On 1/11/07, Conrad C. [email protected] wrote:

etc. So speed is really important (I suppose, regular expressions would
be the fastest, but I need something that is tree-based and supports
HTML tidying)

Thanks
Conrad

There was a comparision done on this list some time ago. Search for lib
names.

chuboy · January 11, 2007, 11:26am

On Thu, 11 Jan 2007 08:36:44 -0000, Conrad C. [email protected]
wrote:

etc. So speed is really important (I suppose, regular expressions would
be the fastest, but I need something that is tree-based and supports
HTML tidying)

Thanks
Conrad

I don’t know about ScrAPI or HTree, but I recently blogged an informal
benchmark run between Rubyful Soup, Hpricot, and the (still
developmental)
libxml2 HTML parser binding in Libxml-ruby.
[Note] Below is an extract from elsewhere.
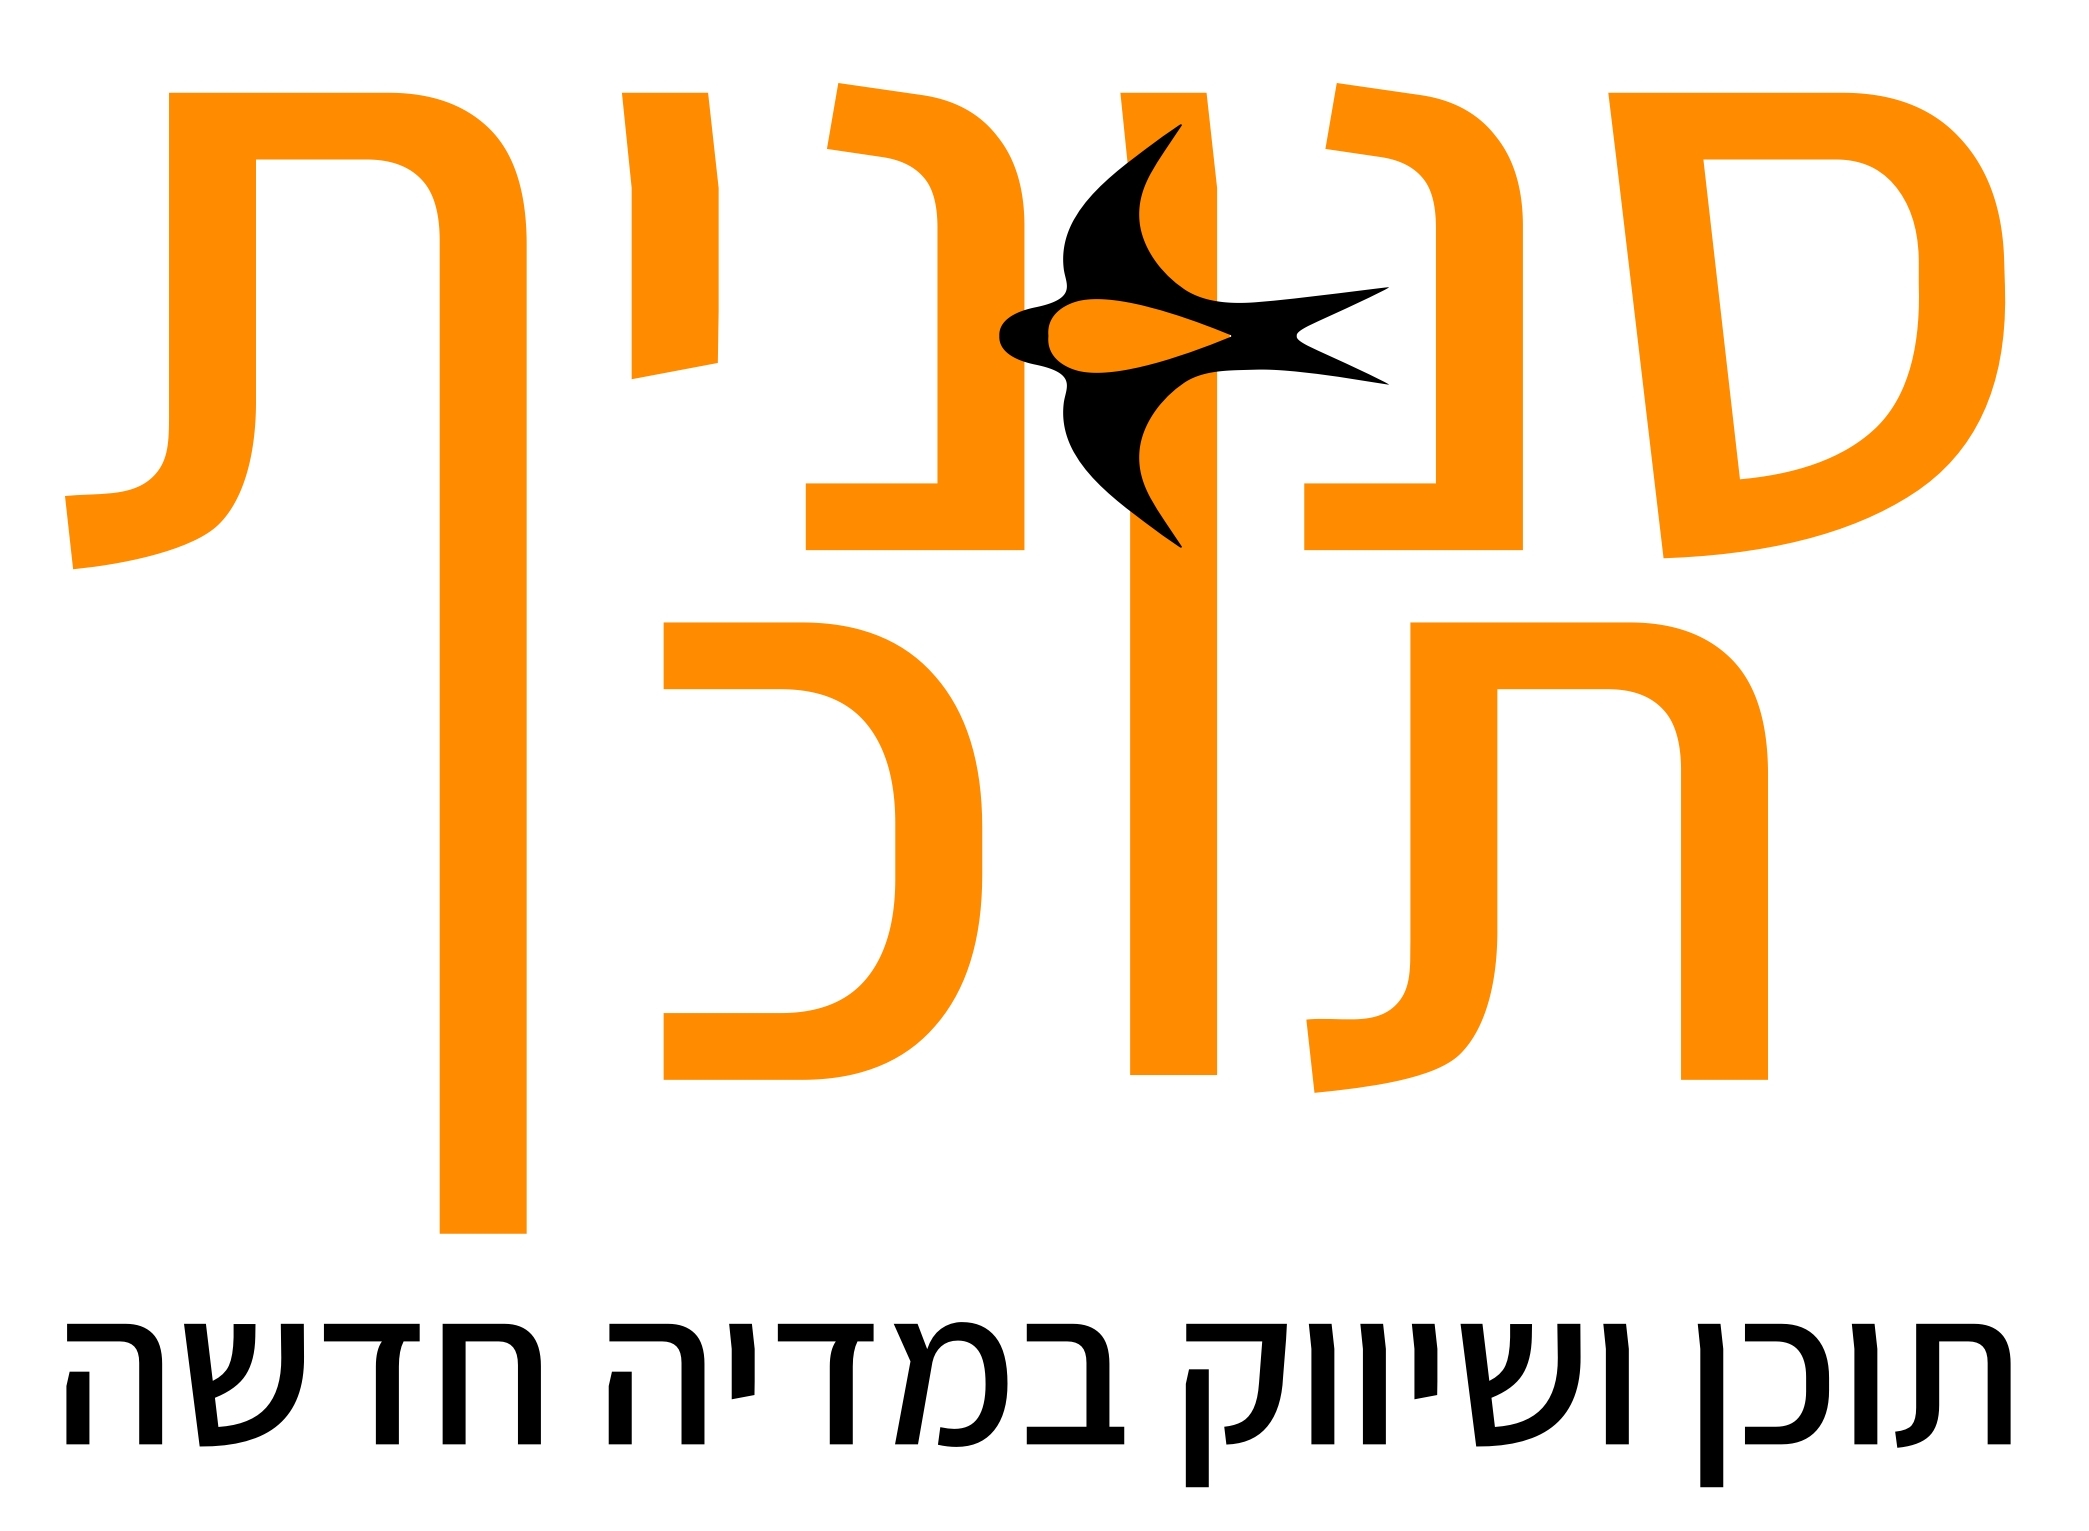 ynet – הכתבות שלי

It’s at:

http://cloverhead.blogspot.com/2006/12/bit-of-benchmarking.html

chuboy · January 19, 2007, 4:31pm

Conrad C. wrote:

etc. So speed is really important (I suppose, regular expressions would
be the fastest, but I need something that is tree-based and supports
HTML tidying)

Thanks
Conrad

–
Posted via http://www.ruby-forum.com/.

I haven’t used them all but Hpricot is fast (the parser is written in C
with Ragel), error tolerant and perfect for this task. Take a look at
its website for a guide on how to use it.